Constraints: MPS is typically used in HPC or server environments where multiple short-lived or medium-lived processes run concurrently and can benefit from more straightforward scheduling.


3. Setting Up MPS

a) System Requirements & Limitations

  • Supported GPU Architecture:
    MPS requires modern NVIDIA GPUs (Kepler or later) that support concurrent execution.
  • Driver & CUDA Version:
    Must have a compatible driver and CUDA toolkit that support MPS.

b) Enabling MPS Daemon

  1. Stop any existing GPU processes and unload modules if needed.

  2. Enable MPS by setting environment variables or using system daemons, e.g.:

    bash
    sudo nvidia-cuda-mps-control -d

    This starts the MPS daemon in the background.

  3. Verify MPS is running:

    bash
    echo get_server_list | nvidia-cuda-mps-control

c) Launching CUDA Applications under MPS

  1. Set the environment variable (depending on the OS/distribution):
    bash
    export CUDA_MPS_PIPE_DIRECTORY=/tmp/nvidia-mps
    export CUDA_MPS_LOG_DIRECTORY=/tmp/nvidia-mps
  2. Launch multiple processes that run CUDA code.
  3. MPS merges them into a single GPU context, reducing overhead.
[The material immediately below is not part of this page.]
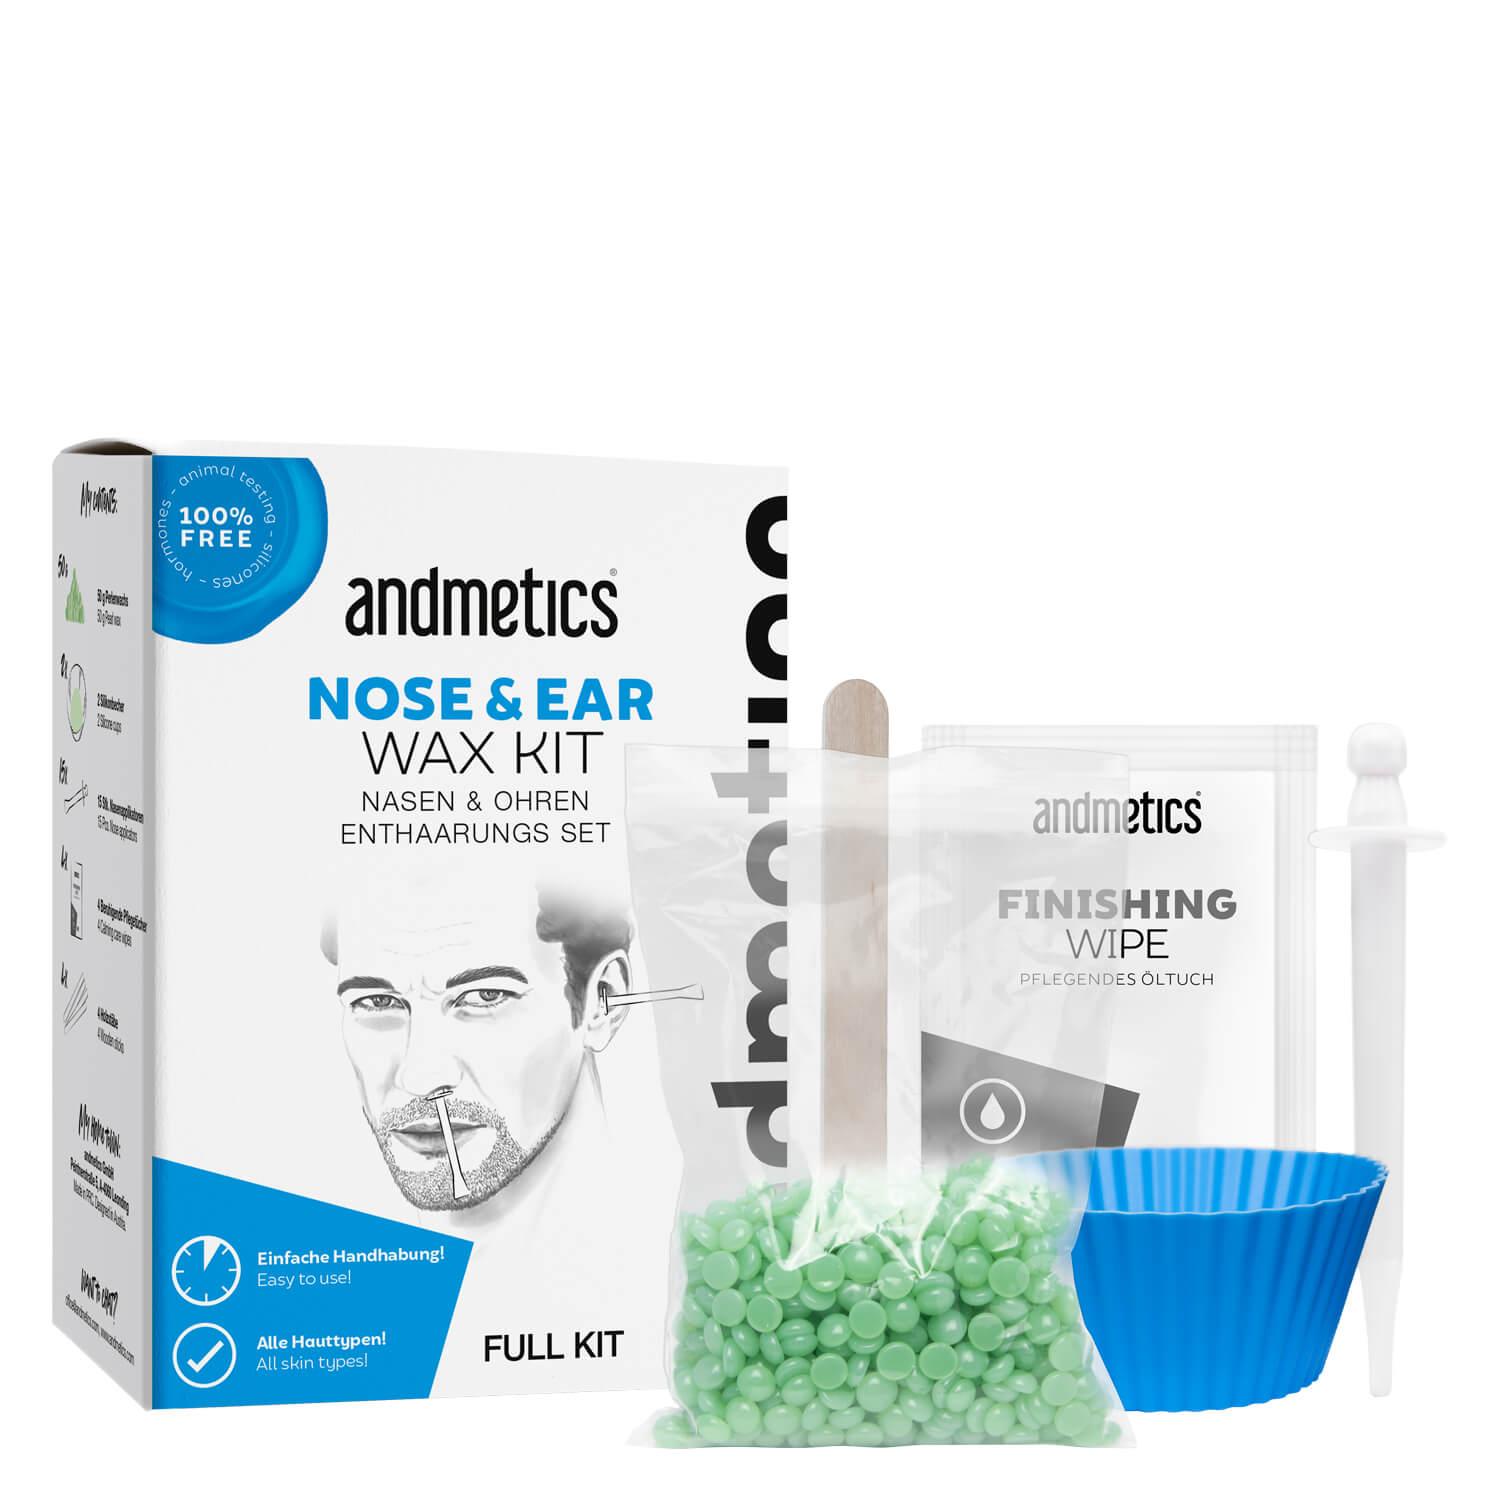 andmetics - Nose & Ear Wax Kit

4. Concurrency & Resource Sharing

a) Reduced Context Switch Overhead

Under default configurations, each process has its own context. The GPU must swap contexts to handle different processes. MPS eliminates most context switches by unifying the processes into one context, potentially boosting concurrency.

b) Possible Resource Contention

When multiple processes oversubscribe the GPU, all resources—registers, shared memory, SMs—are shared. If too many processes saturate the GPU, overall performance might degrade. Careful concurrency control is crucial.


5. Practical Example: Two Processes Sharing a GPU

a) Sample Code for MPS Testing (Process 1 & Process 2)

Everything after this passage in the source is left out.